4. There are probably moments when even you get bored of helping others find their passion. How do you reignite your passion for helping others reignite their passion?

Humans love routine. Yet, when you’re doing the thing you love, sometimes it can get old. So, it is our responsibility, to once you’ve found the things you truly love, to always be in the process of re-inventing yourself. For example, when I was on a world tour singing for the troops in the USO Show, we would always remind ourselves that it is our 125th time doing this song, but it is the audience’s first. And so how do we strategically, systematically approach our work of singing that song and making it new every time? Our answer was to try and improve the delivery of said song 1% every night. Meaning I’m going to attempt to do that dance move with just one extra bit of flair, or maybe hold a note in a different manner. In the speaking world if I’m telling a joke, I’ll will change the inflection in my voice, or change the timing and give it a longer, dramatic pause to see if I can get a bigger or better reaction from the crowd. And that’s the process that masters of their craft always engage in. We’re doing the same task, report, same meeting on a routine basis. But every time we do the thing, whatever that thing is, can we approach it with a 1% improvement mentality? What am I going to do today, that’s going to make it 1% better. And to me, that takes the mundane out of routine.

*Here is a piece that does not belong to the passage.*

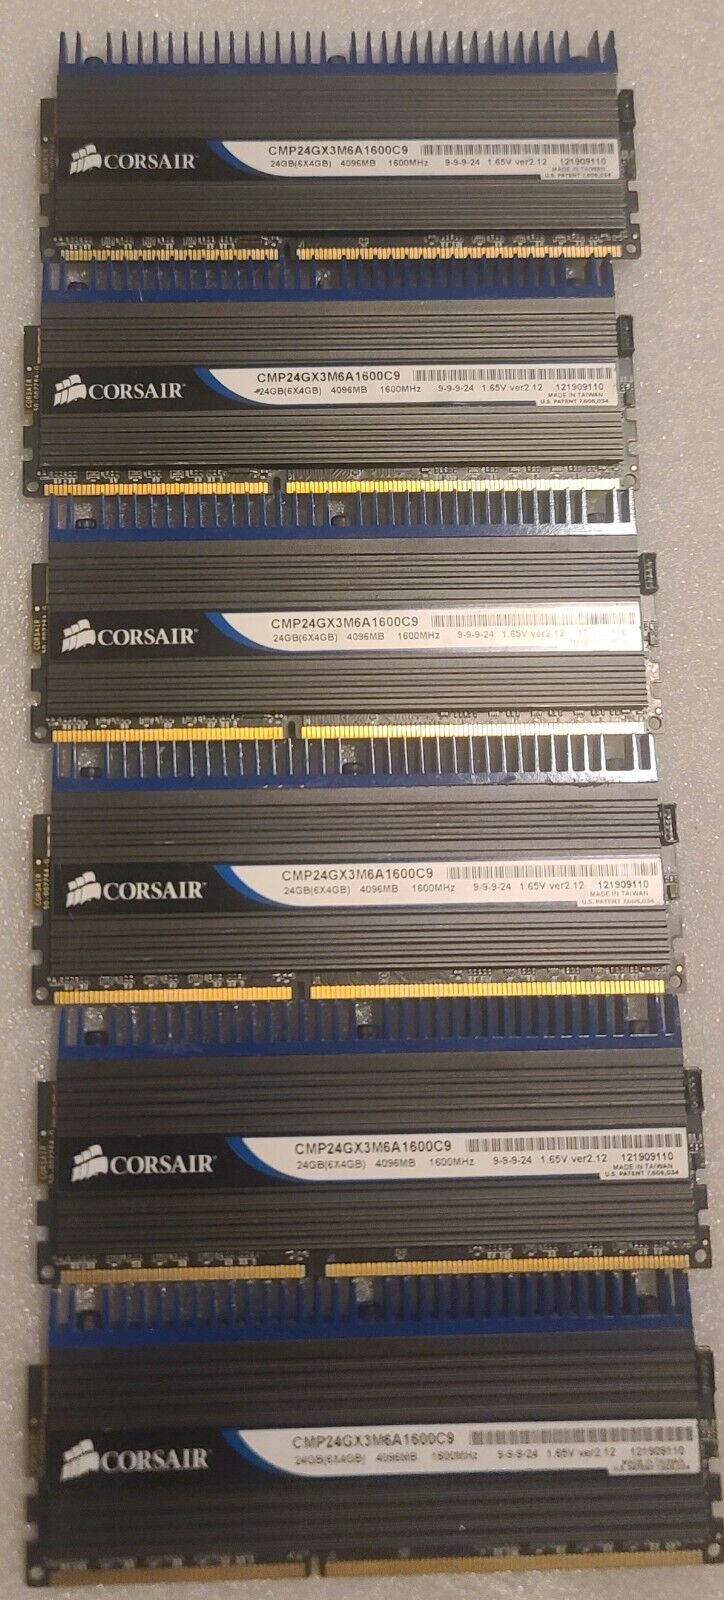 CORSAIR DOMINATOR 24GB (6 x 4GB) DDR3 1600 (PC3 12800) CMP24GX3M6A1600C9

5. So what would you say to people, – we’ll use recruiters for example – who have a set process that they need to stick to?

How would you recommend that they take the advice you just gave and get out of a rut? Possibly the 80/20 rule. There are procedures, standards, best practices that are the 80%. If the job or even committee role doesn’t allow for that 20% pivot; I would think that one needs to re-evaluate their process. If it is so rigid that you can’t allow for some innovation or some variance, it may be time to rethink that role. Even the most structured military units doing things at the highest level, they always account for and allow some sort of adaptation. The advice would be to look for that tiny bit of improvement. That small place that you can move the needle. If you’re at a company that doesn’t allow for that, that might not be a company that’s around in 20 years. We all need to be open to incremental improvements.

6. What is the biggest misconception people have about finding your passion at work?

The misconception is that they would need to be someone different from who they are today, in order to be passionate about the thing that they do. It doesn’t matter what job you’re in, there is the silver lining of the thing you enjoy. And it all comes down to what we focus on. We can choose to focus on what we love, or we can choose to go to work every day, pissed off about the same old things. The employee that I want to work with is the person who relentlessly pursues the thing that they love about work, and then does the work to try to expand that love. Most people are in career fields and jobs for one reason or another. Essentially, they like something about it. You got into it for some reason. You have to remind yourself of that. And then build upon that original passion for the work that you do.

Final words of advice: In the work that we do and the lives that we live, we all have some next level to get to. In the routine and in the day-to-day, we sometimes forget to pause and dream big. We sometimes forget to write a bucket list based on the career trajectory we have in mind. We need to take that time to dream big and consider when we’re looking back at life, what are the things we want to have accomplished, what impact do we want to have on the world? And what do we need to do to make those things happen?